Review: “The White Lotus” Season One

Familial Problems within the One-Percent

Review%3A+%E2%80%9CThe+White+Lotus%E2%80%9D+Season+One

Owen Mayer, Staff Writer

What is the one thing that people look for when they go on vacation? 

Relaxation? Probably. 

Fun? Definitely. 

And, quite often, a miracle.

People want one week out of the year, that somehow rectifies the other 51. To pick up the pieces of a shattered bond; to provide closure; to find love in an unfamiliar place. 

Now take all of that, and combine it with a high-price destination and a cast of characters who undermine their own happiness like it’s their job, and you’re left with Mike White’s satirical-soap comedy “The White Lotus.”

“The White Lotus” takes place over the course of a week at a luxury Hawaiian resort, where wealthy guests expect nothing but the best, and employees who brace themselves for the worst. Despite the gorgeous locales and glistening ocean surrounding The White Lotus hotel, an anxious claustrophobia sets in. Cristobal Tapia de Veer’s unsettling score and White’s sweeping camera movements plunge in and out of the crashing waves. In those moments, it’s hard not to feel a wave of emotions waft over you.

The show focuses on multiple guests and staff members at The White Lotus, telling multiple focused storylines that all intersect in one way or another. There’s the Mossbacher family: Nicole (Connie Britton) the CFO of a major search engine company; her husband Mark (Steve Zahn), who seems to feel emasculated by her success (he has a health scare literally involving his testicles); their son, Quinn (Fred Hechinger), alienated and living inside his phone; and their oddly terrifying daughter, Olivia (Sydney Sweeney), whose friend Paula (Brittany O’Grady), is bound by the unwritten rule, that she must never have anything that Olivia does not.

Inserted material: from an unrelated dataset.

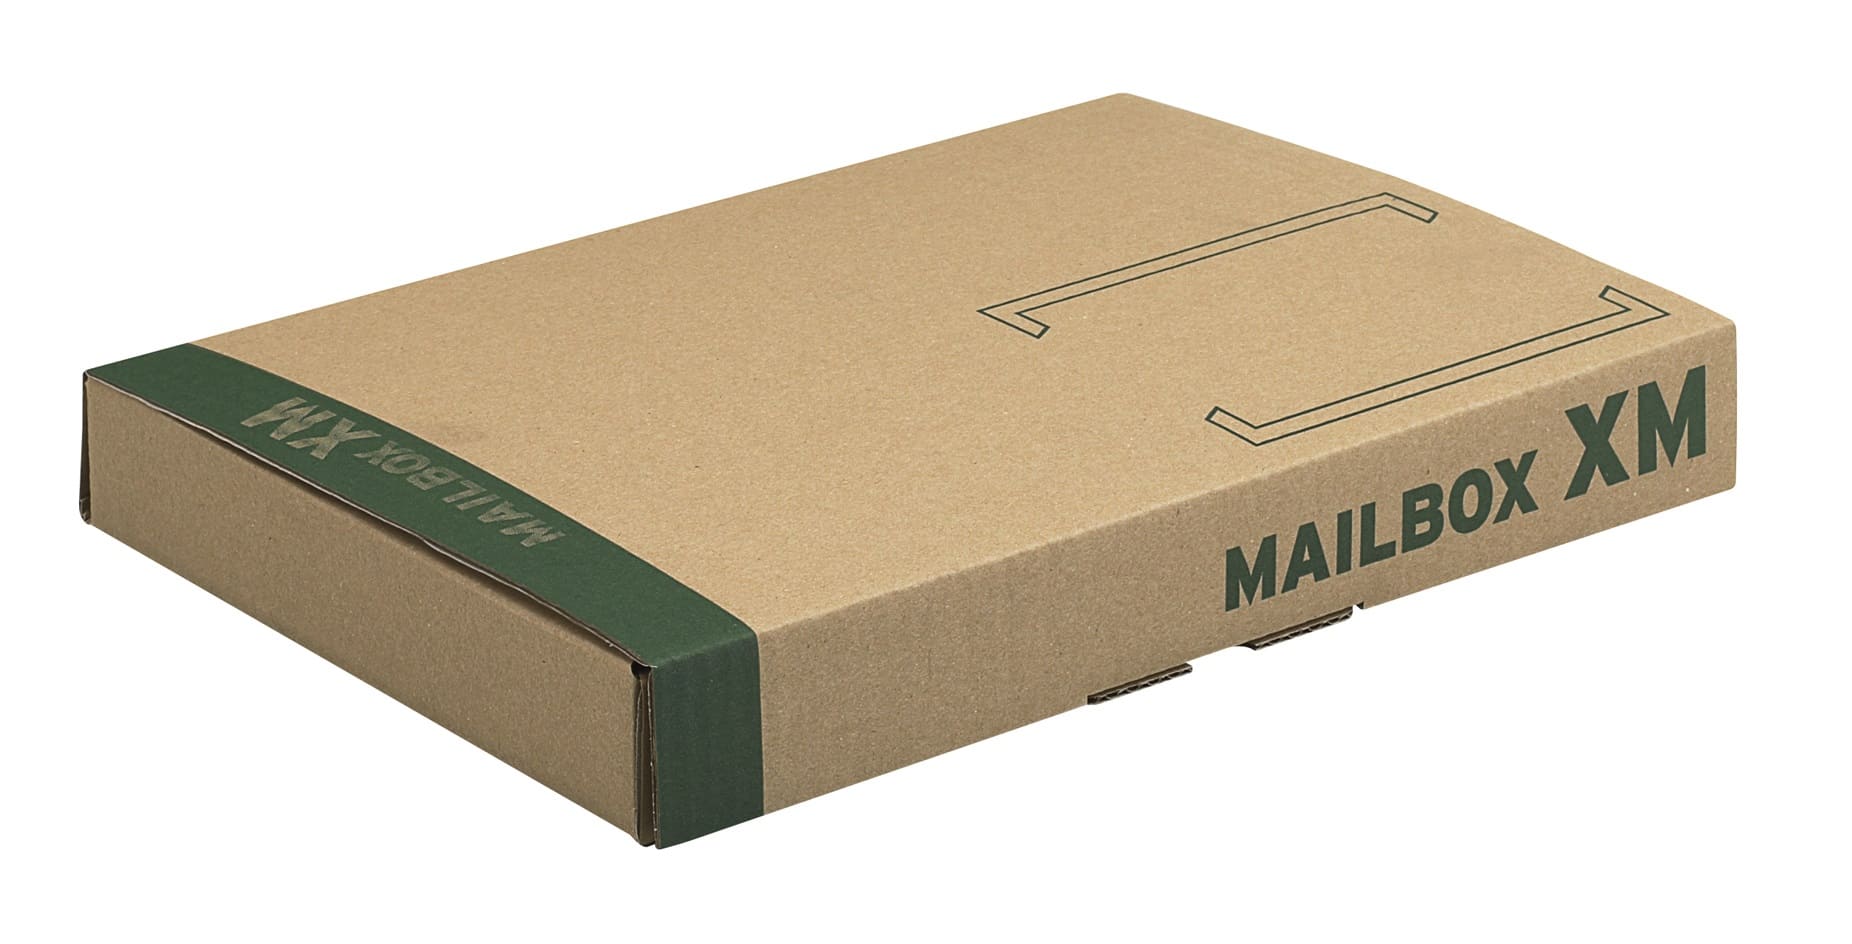 Postdoos Mailbox M - 331 x 241 x 104mm (20 st) L: 343mm x B: 233mm x H: 38mm

By the pool are newlyweds Shane (Jake Lacy) and Rachel (Alexandra Daddario), on a honeymoon that his wealthy family paid for. While she wonders if she rushed into a marriage where she feels like a second-class citizen, he becomes obsessed with the suspicion that resort-manager Armond (Murray Bartlett), has put them in a slightly less premium room than the one they paid for. 

Everyone in the cast pulls their weight, but “The White Lotus” kicks it into another gear when centering on its central character. Jennifer Coolidge’s grieving guest Tanya. From the moment Tanya steps off the V.I.P boat to the resort in a depressive haze, with a plan to scatter her dead mother’s ashes at the resort. She could have easily been played full tilt into the ditzy-rich-lady caricature, but instead Coolidge portrays her with a damaged authenticity, with a splash of self-awareness. You can relate with Tanya, however this doesn’t excuse the vampire-like emotional bond she creates with the spa manager Belinda (Natasha Rothwell). 

The other star of the show is resort-manager Armond, who descends into a web of madness, as he clashes with Shane throughout the season. Just like Tanya, Armond teeters on the edge of complete nervous breakdowns, before diving headfirst into them with dramatic effect. 

The only place where “The White Lotus” falls flat is in the lack of attention to the staff. It gives us little glimpses into the lives of the native Hawaiian staff busing tables, and entertaining guests with dinnertime rituals. And it sometimes yearns to be topical, with its random culture-war like references thrown into the script to add a little spice. 

Overall, “The White Lotus” is a sharp, on-the-nose comedy that knows what it wants to do with its characters, and knows exactly how to get them there. The show is as vicious as it is sneakily-uplifting.